**Work order:**
Skipping all images, output the listing word for word.

**Data below:**
☆ ☆ ☆

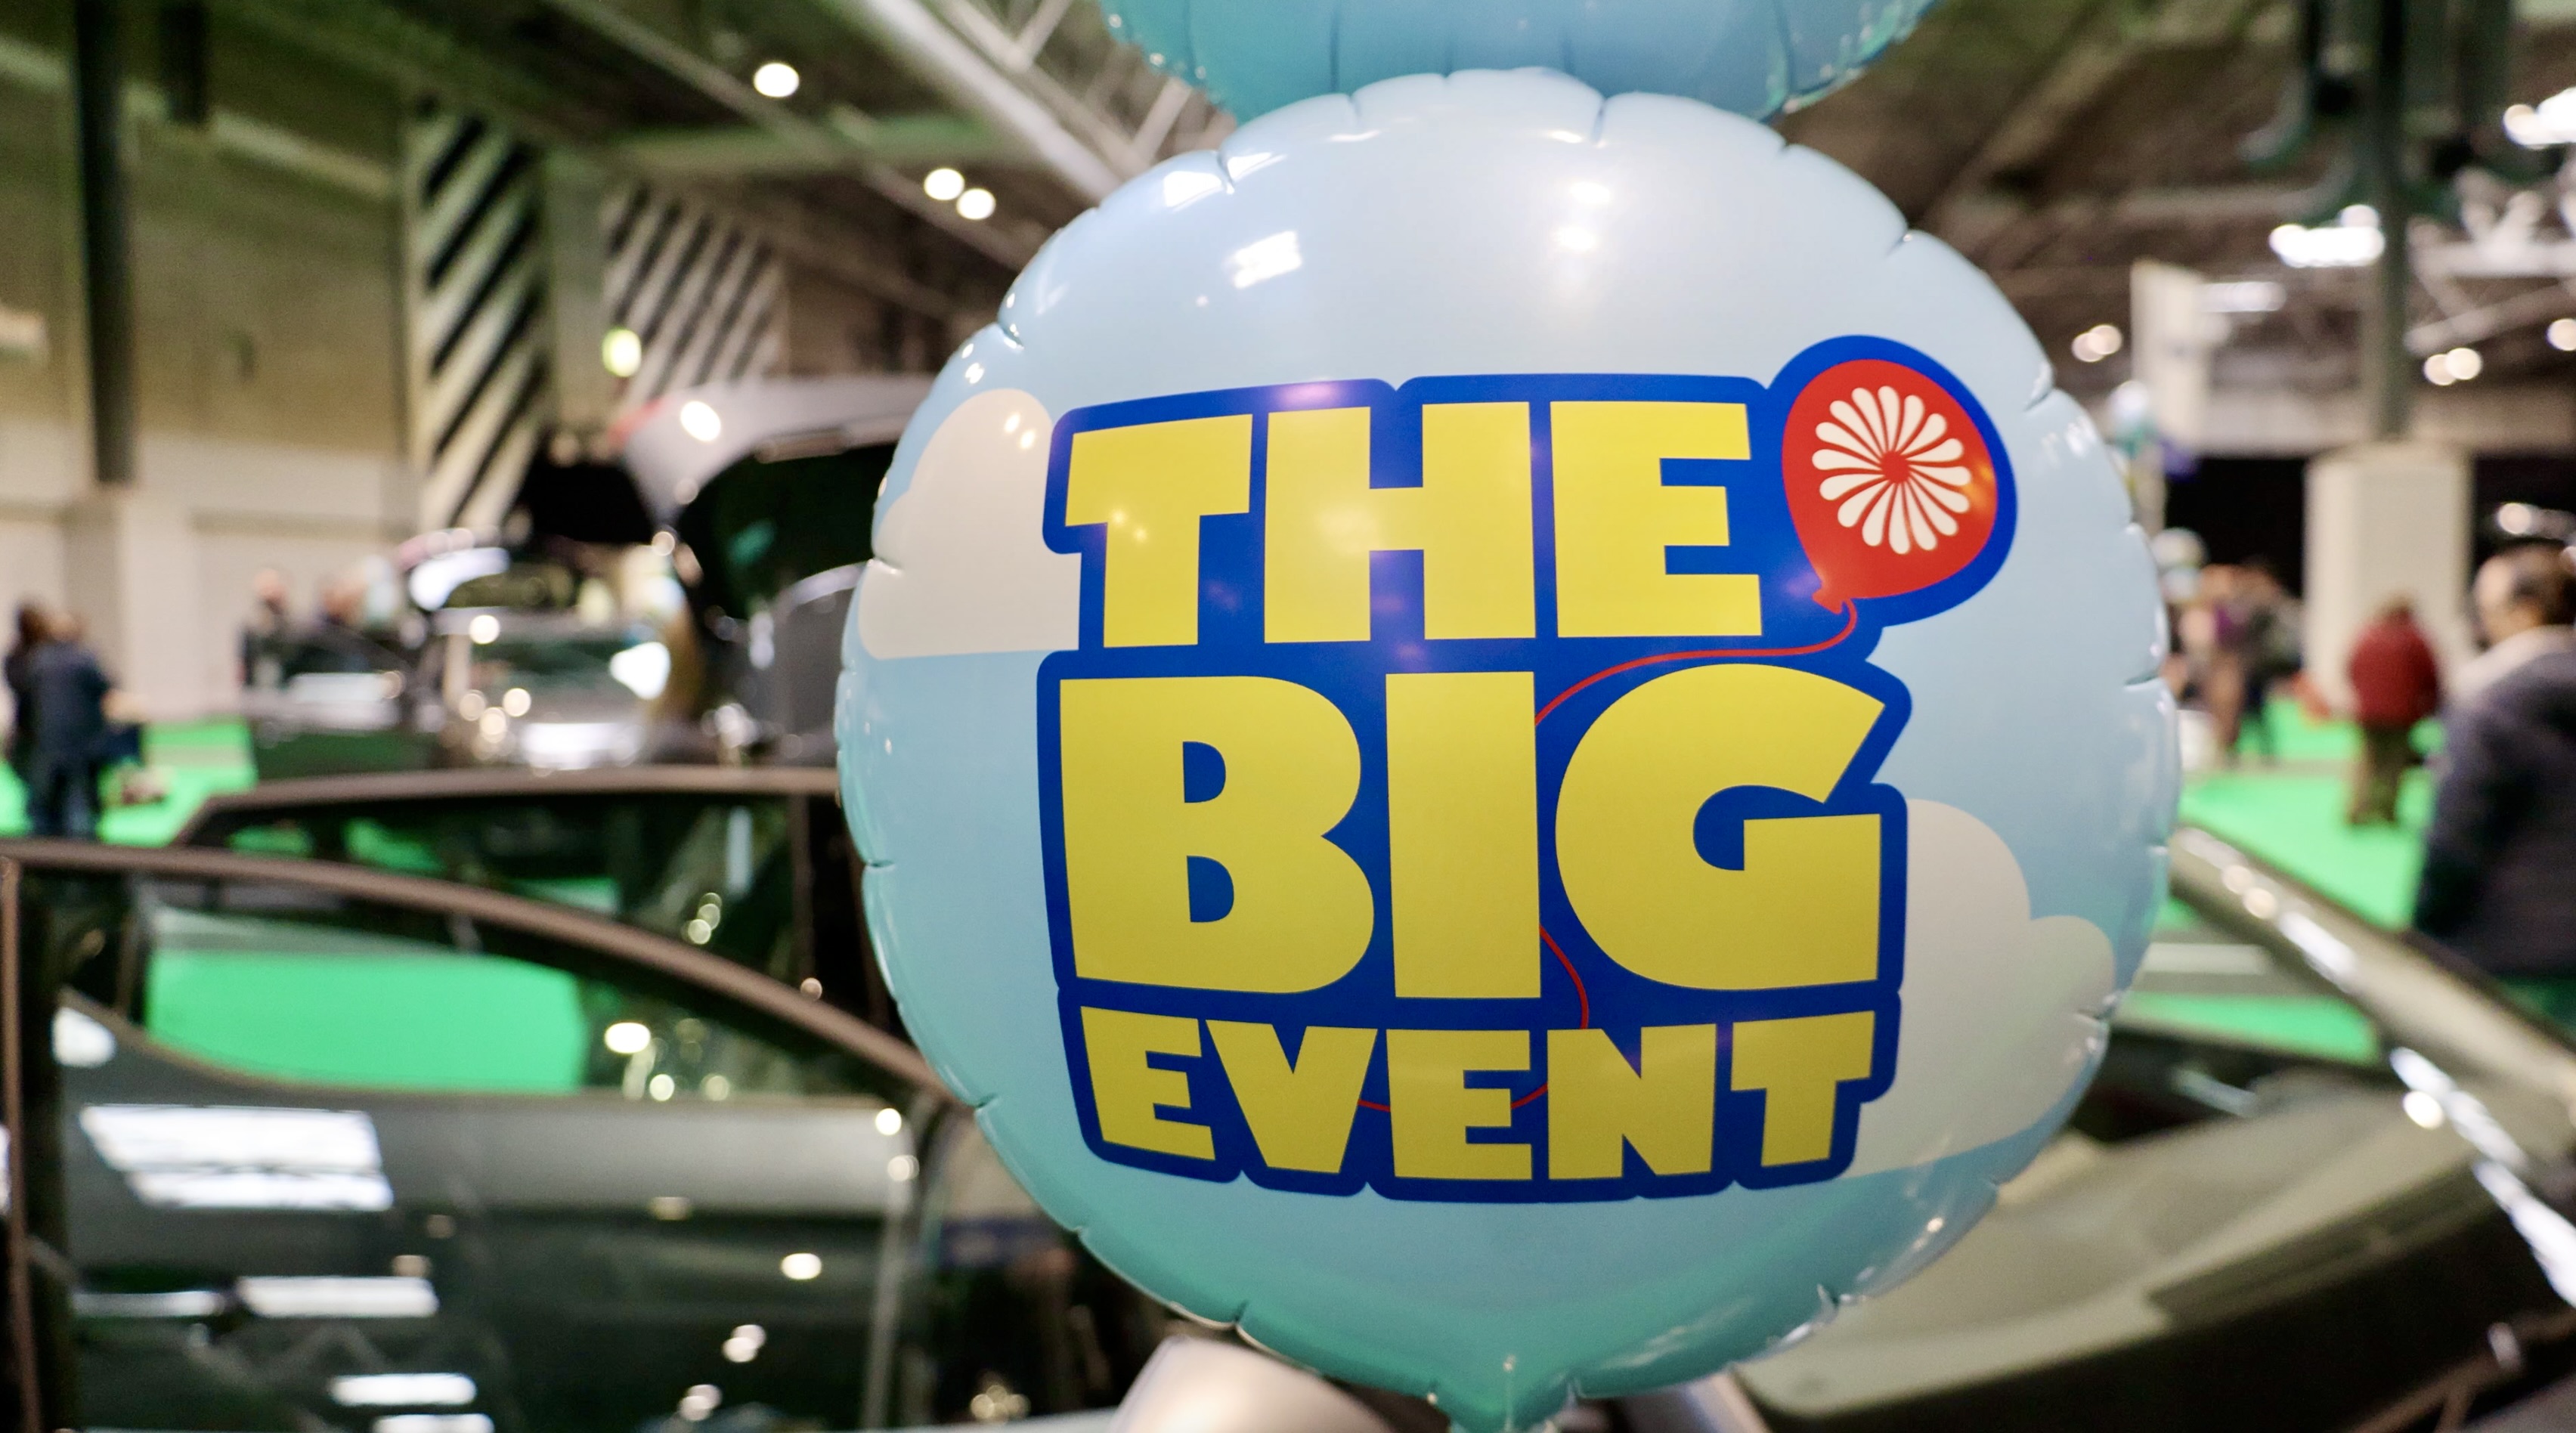 Motability: The Big Event and One Big Day are soon here
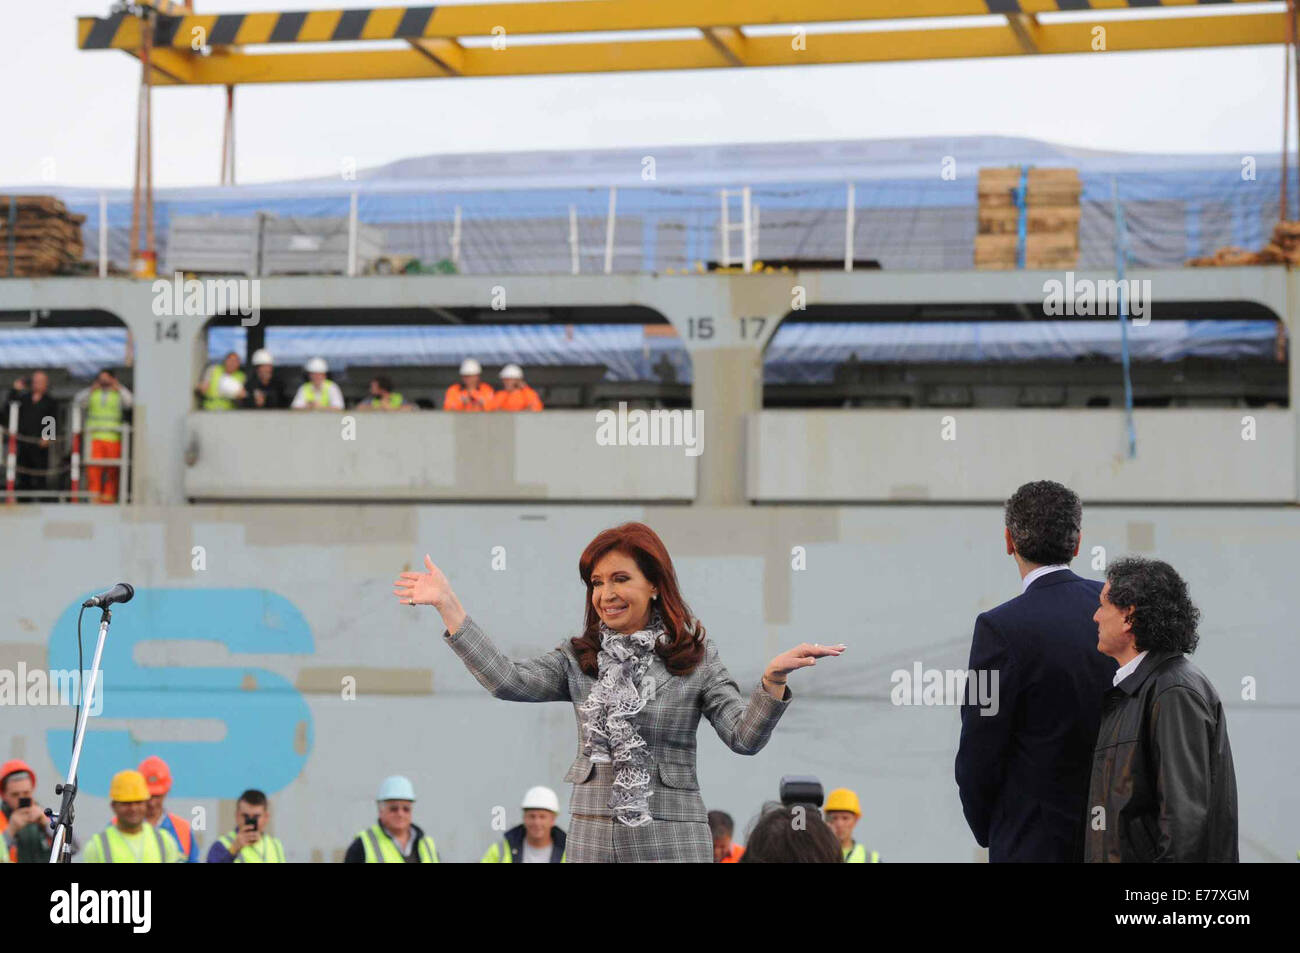 (140909) -- BUENOS AIRES, Sept. 9, 2014 (Xinhua) -- Argentina's President Cristina Fernandez participates in an activity promoting measures to renovate the country's railroad system, at Buenos Aires port Sept. 8, 2014. (Xinhua/Maximiliano Luna/TELAM) (bxq) Stock Photo
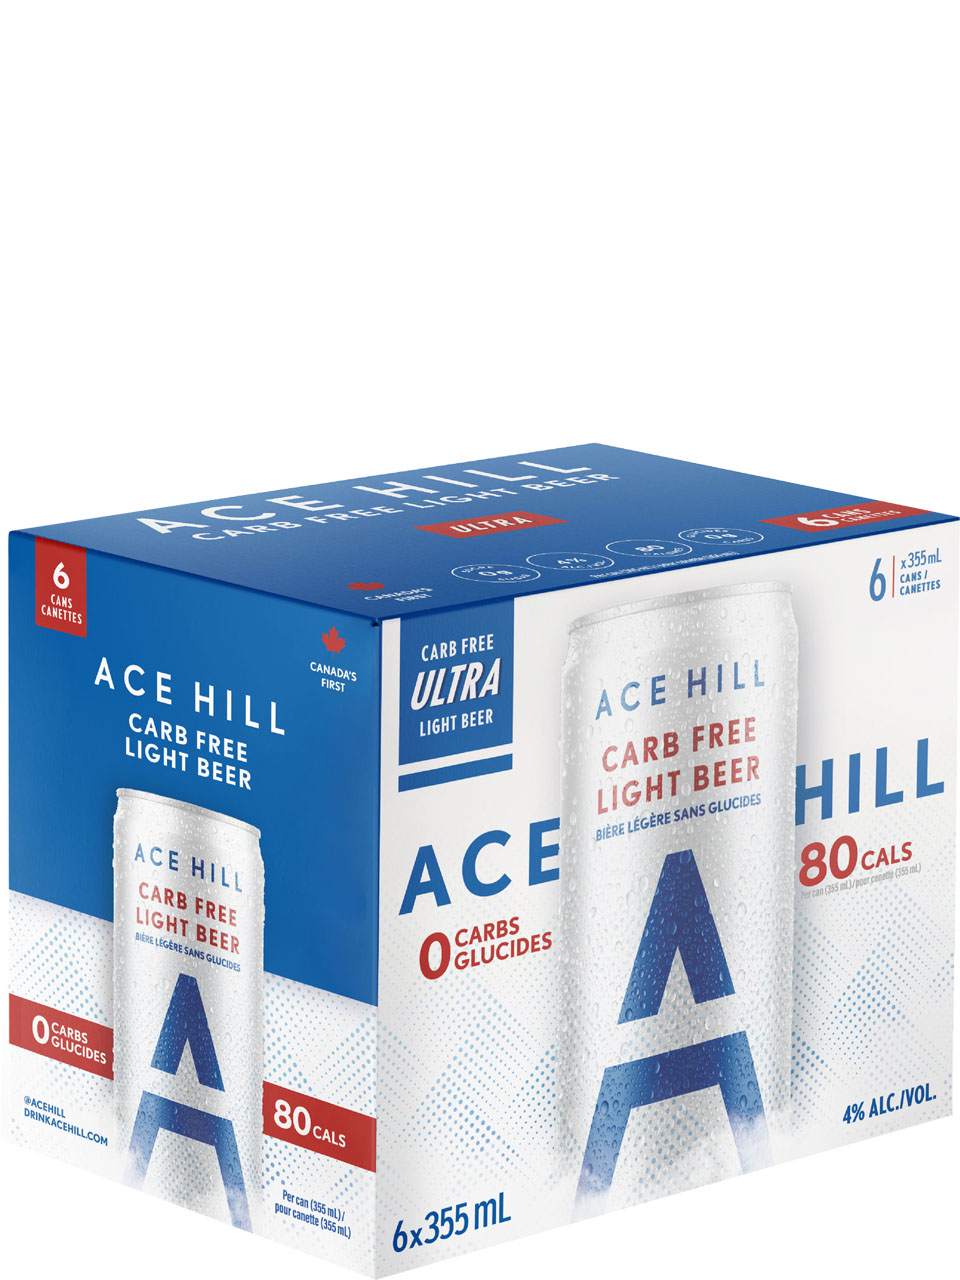 Ace Hill Carb Free Light Beer 6 Pack Cans

☆ ☆ ☆

**Response to the exercise:**
 Motability: The Big Event and One Big Day are soon here
 (140909) -- BUENOS AIRES, Sept. 9, 2014 (Xinhua) -- Argentina's President Cristina Fernandez participates in an activity promoting measures to renovate the country's railroad system, at Buenos Aires port Sept. 8, 2014. (Xinhua/Maximiliano Luna/TELAM) (bxq) Stock Photo
 Ace Hill Carb Free Light Beer 6 Pack Cans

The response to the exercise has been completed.